Ficha do Proponente

Proponente

    LUÍS FELIPE DUARTE FLORES (UFMG)

Minicurrículo

    Doutorando em Comunicação Social no PPGCOM-UFMG, onde desenvolve pesquisa sobre o cinema de Harun Farocki, sob orientação do Prof. Dr. César Guimarães. Mestre em Cinema na EBA-UFMG. Ensaísta, crítico e pesquisador de cinema, colaborou para diversas revistas e catálogos. Organizou as retrospectivas de Rithy Panh e Trinh T. Minh-ha no Brasil. Curador do Festcurtas BH em 2015 e 2016, e do forumdoc.bh em 2015. Atua também como professor e tradutor.

Ficha do Trabalho

Título

    Entre a imagem e a técnica: o cinema segundo Harun Farocki

Seminário

    Teoria dos Cineastas

Resumo

    A obra audiovisual do cineasta tcheco-alemão Harun Farocki é marcada por reflexões sobre a imagem cinematográfica em suas interseções com outras formas de visibilidade técnica. Esse esforço teórico presente nos filmes é acompanhado por vasta produção textual (artigos, entrevistas, livros), oferecendo um pensamento consistente sobre o cinema na era da visão tecno-midiática. Esta intervenção pretende demonstrar, a partir dos escritos e filmes do cineasta, como esse sistema filosófico é concebido.

Resumo expandido

    Desde seu primeiro filme, Fogo que não se apaga (1969), ensaio crítico sobre os limites da representação e do testemunho, até sua derradeira video-instalação, Paralelo (2014), série de quatro episódios composta por fragmentos de jogos de video-game, a obra do cineasta tcheco-alemão Harun Farocki é marcada por uma verdadeira obsessão (estética, política, filosófica) pelas formas de manifestação das imagens técnicas em uma sociedade profundamente marcada pelo desenvolvimento tecnológico-midiático.
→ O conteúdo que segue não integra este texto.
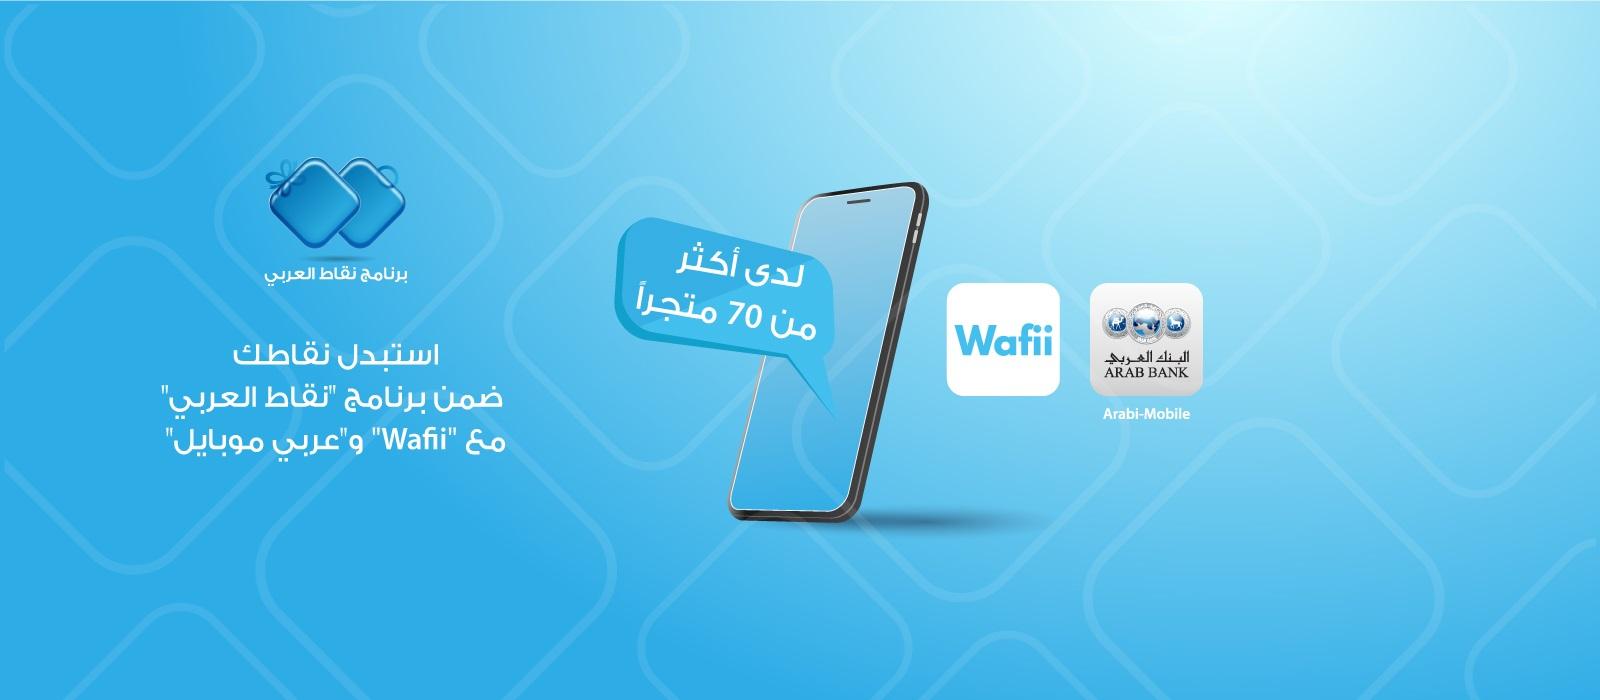 website ar Wafii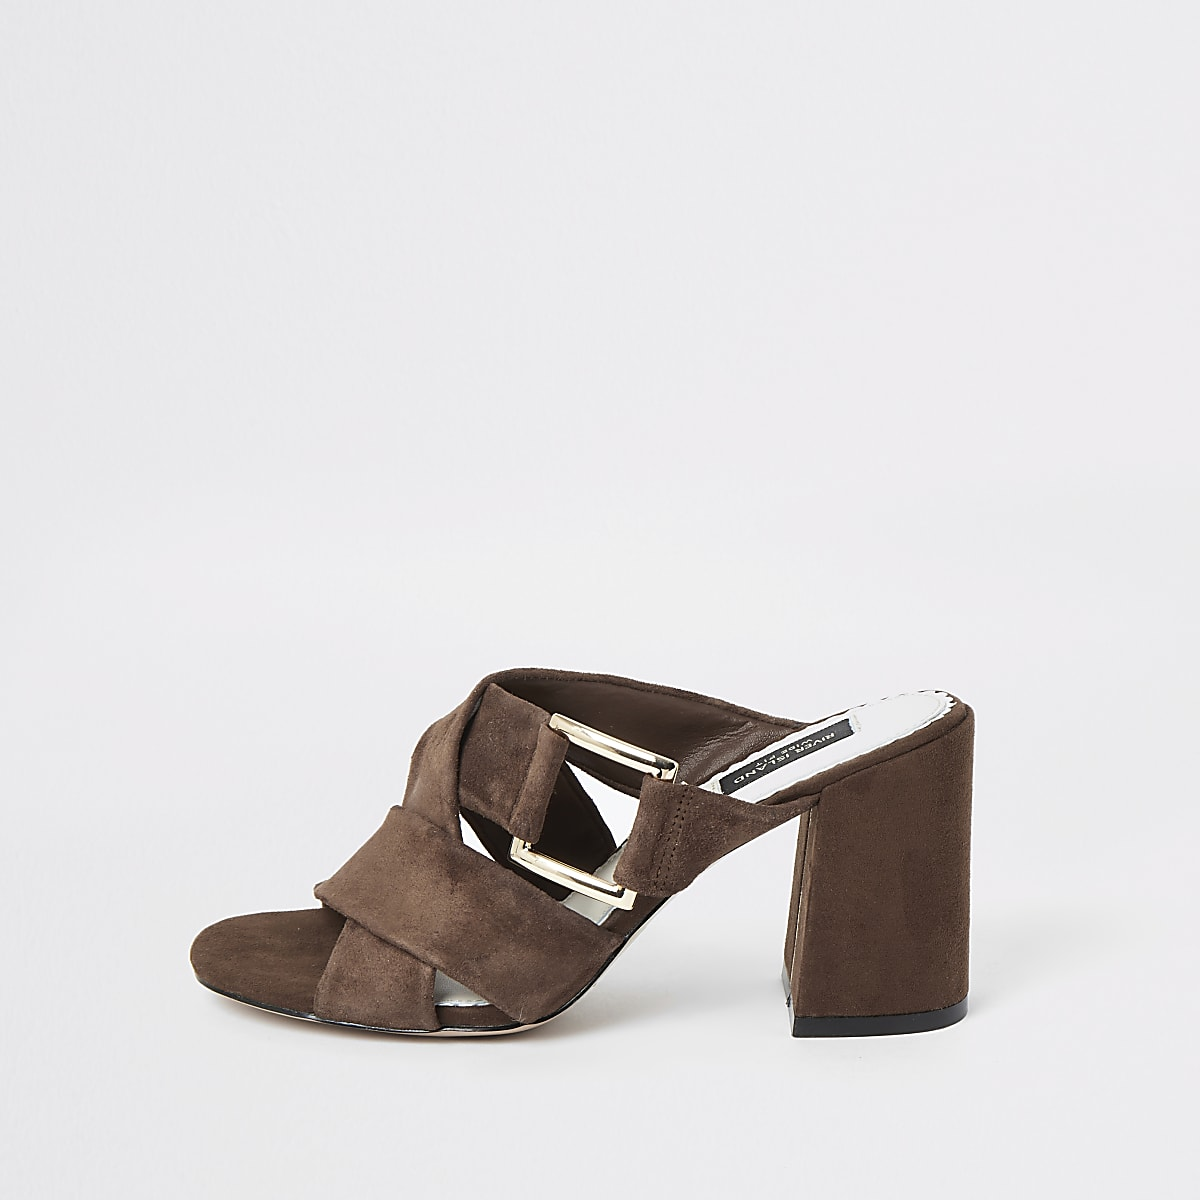 Brown suede wide fit sandals

Ao longo de sua carreira, ele trabalhou a questão de maneira singular, desenvolvendo reflexões sobre a visualidade tecnográfica e seus desdobramentos na experiência humana.

    A princípio, seus filmes contribuem para re-pensar o cinema em meio ao espectro plural das imagens em movimento (televisão, museus, galerias, simuladores, jogos, computadores etc.). Diferentes materiais e dispositivos são convocados, desde um estúdio fotográfico da Playboy (A imagem, 1983) até os referidos video-games (Paralelo), passando por simuladores (Jogos sérios, 2010), câmeras de vigilância (Imagens da prisão, 2000), mísseis teleguiados (Reconhecer e perseguir, 2003) e arquivos de campos nazistas (Imagens do mundo e inscrições da guerra, 1986; Intervalo, 2007). Além disso, Farocki faz basicamente filmes-ensaio ou documentários de observação caracterizados, via de regra, por forte reflexividade, concisão recursiva e ausência de ênfase estilística.

    Embora jamais se apague por completo, o cinéfilo e o cineasta em Farocki coexistem com o analista e o arqueólogo das imagens técnicas. Isso se reflete, primeiramente, no “abandono” do cinema em prol da participação nas galerias de exposição. Com efeito, suas obras interpelam o caráter “artístico” daquele – ao menos em certa conotação fechada ou convencional – a fim de abri-la para outras possibilidades de atravessamento com meios e instituições audiovisuais. “Minhas imagens […] querem atender à arte no máximo acessoriamente”, afirma o diretor (2002: 23-24). Talvez por isso seu trabalho receba tanta atenção de importantes pensadores das transformações do cinema no mundo contemporâneo, como Raymond Bellour.

    A atuação de Farocki, contudo, não é somente audiovisual. Ele dedicou vasto esforço textual – ensaios, entrevistas, livros – ao cinema, à televisão, e à esfera imagética em geral, fazendo juz à afirmação de Bellour: “um cineasta que escreve […] não apenas textos sobre seus filmes, mas sobre os filmes dos outros e o cinema em geral, é algo bem raro para relevar” (2015). Seus artigos – como “À propos du cinéma documentaire”, “What an editing room is” e “Mostrar a las víctimas” – contêm variadas reflexões sobre as formas cinematográficas, abordando, por exemplo, as transformações da montagem na passagem para o digital e os procedimentos de apropriação dos arquivos imagéticos.

    Na obra tardia de Farocki – pelo menos desde a realização de Imagens da prisão, que utiliza registros de câmeras de vigilância e trechos de obras ficcionais situados na prisão – um conceito emerge de maneira central para o desenho de uma teoria farockiana: o de imagem operacional. Cunhado para designar as “imagens que não representam um objeto, mas são, antes, parte de uma operação” (FAROCKI, 2004: 17), esse conceito já está incipiente em filmes como Imagens do mundo e inscrições da guerra ou Como se vê (2003), sendo aprofundado em Reconhecer e perseguir, Olho-máquina e outros filmes. Posteriormente, encontra variações em filmes como Deep play (2006) e Paralelo.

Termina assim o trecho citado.